Page MenuHomePhabricator

[AMDGPU] Fix delay alu for VOPD with src2acc

Authored by Joe_Nash on Oct 24 2022, 10:59 AM.



V_FMAC_F32 and V_DOT2C_F32_F16 have a dummy src2 operand tied to vdst to
inform passes that the instructions read the dst operand. The VOPD
versions of these instructions lacked the dummy operand, which was a
problem for inserting s_delay_alu.
Introduce the dummy src2 operand on the VOPD versions, and fix the VOPD operand
tracking logic to account for it.

Diff Detail

Event Timeline

Joe_Nash created this revision.Oct 24 2022, 10:59 AM
Herald added a project: Restricted Project. · View Herald TranscriptOct 24 2022, 10:59 AM
Joe_Nash requested review of this revision.Oct 24 2022, 10:59 AM
Herald added a project: Restricted Project. · View Herald TranscriptOct 24 2022, 10:59 AM
dp added a comment.Oct 24 2022, 12:32 PM

Overall looks fine, but I want somebody to look at codegen changes. You could leave MC code refactoring to me (but I'm not sure if I'll be able to improve code that much).


This may be moved out of the loop (together with CInfo.hasSrc2Acc()).


hasRegularSrcOperand looks counterintuitive now because tied src2 is actually a quite special operand. Counting this operand in ComponentProps.SrcOperandsNum is also debatable. Maybe handling this operand explicitly would make code more clear. It will also make error position correct. But it will require changes in parser and codegen which I believe you tried to avoid.


I believe this change may be avoided by making ComponentLayout a subclass of ComponentProps.


It's a pity.

foad added inline comments.Oct 25 2022, 3:22 AM

Maybe const auto & here and on the declaration of InstInfo?


Don't need any of these trailing underscores.

foad added a comment.Oct 25 2022, 3:24 AM

Overall looks fine, but I want somebody to look at codegen changes.

The changes in test/CodeGen/AMDGPU/vopd-src2acc-delay.mir are good.

dp added inline comments.Oct 25 2022, 6:20 AM

You are right, but I'm not sure if ... : Kind(Kind), ... is a good and clear style.

dp accepted this revision.Oct 25 2022, 7:28 AM

LGTM (with or without MC code corrections).


I think these two lines are too long even for td files.

This revision is now accepted and ready to land.Oct 25 2022, 7:28 AM
foad added inline comments.Oct 25 2022, 7:40 AM

It is ubiquitous, and I think it's much better than inventing lots of different conventions (like trailing underscore) to make the argument name different frmo the field name.

Joe_Nash updated this revision to Diff 470508.Oct 25 2022, 8:05 AM
Joe_Nash marked 6 inline comments as done.

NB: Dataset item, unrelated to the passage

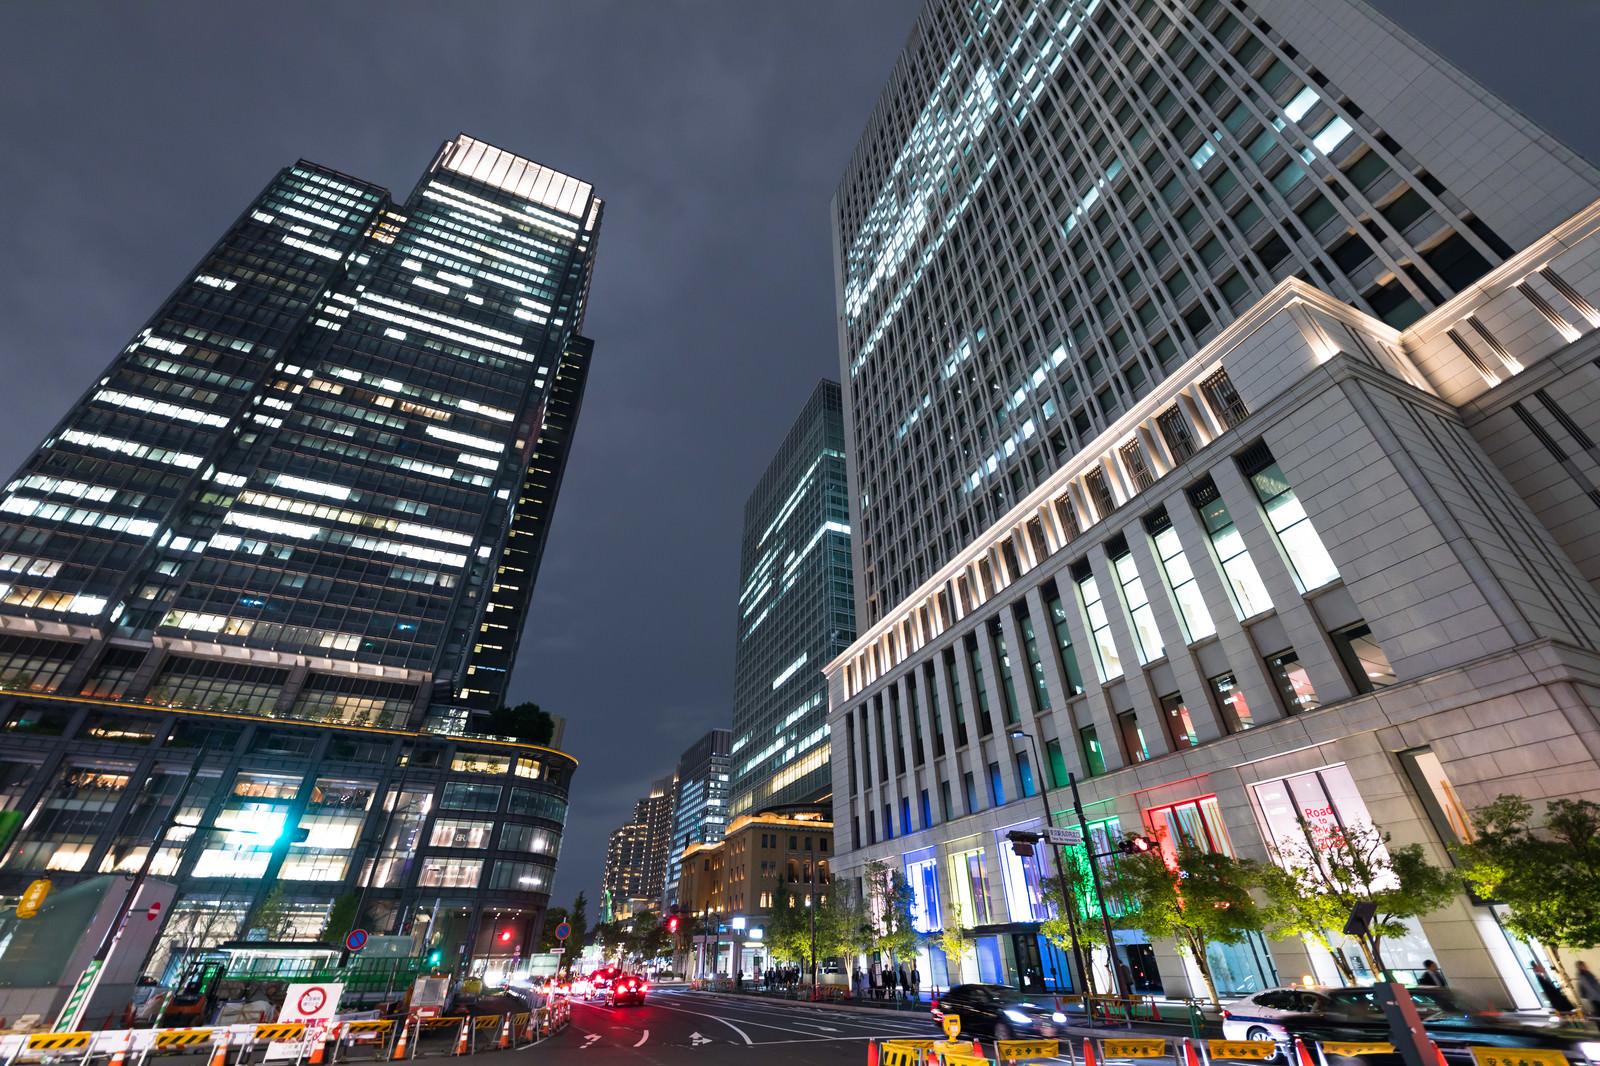 「東京駅丸の内北口信号前(夜景)」の写真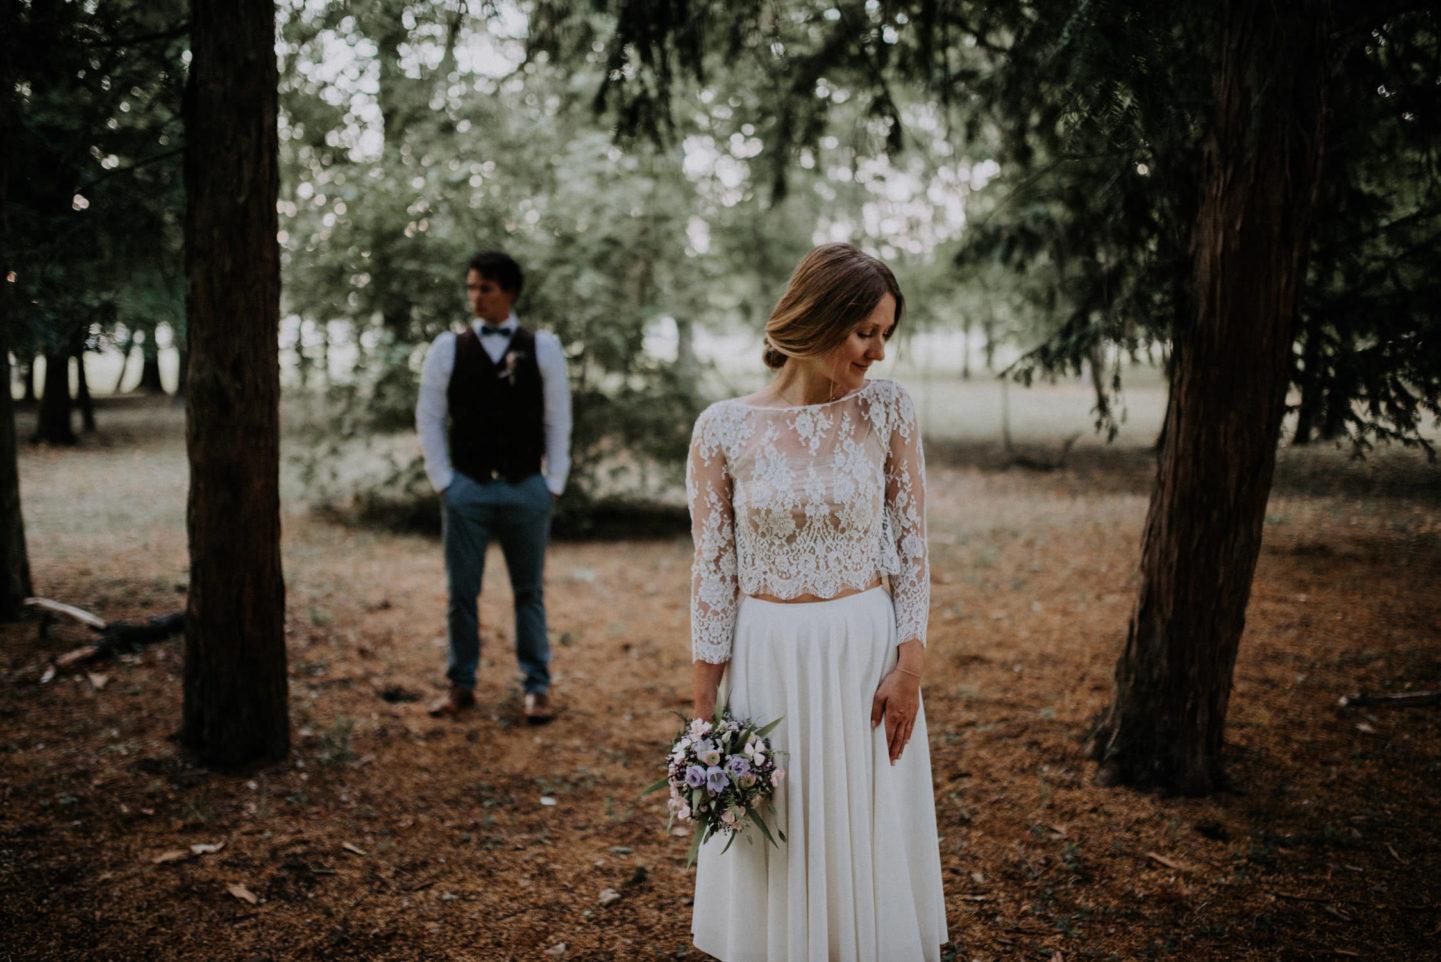 Bester Hochzeitsfotograf Bern

use const auto &, hoist loop invariant code, shorten td line length, delete parameter name underscores

Thanks for the comments. I will plan to land this after rebasing and testing, and leave aside the remaining refactoring opportunities for now.


Yes, I have tried to avoid special case code in the parser and codegen. Counting the operand in SrcOperandsNum is indeed debatable but it is a standard tied operand from a CodeGen perspective and the VOPD rules are the same for dst and src2, so it works out cleanly. I'm open to an NFC (except for error caret position) refactor in the future.


It seems natural to delete ComponentLayout and incorporate its functionaliy into ComponentInfo. I'd prefer that was in a separate patch.

This revision was landed with ongoing or failed builds.Oct 25 2022, 10:11 AM
This revision was automatically updated to reflect the committed changes.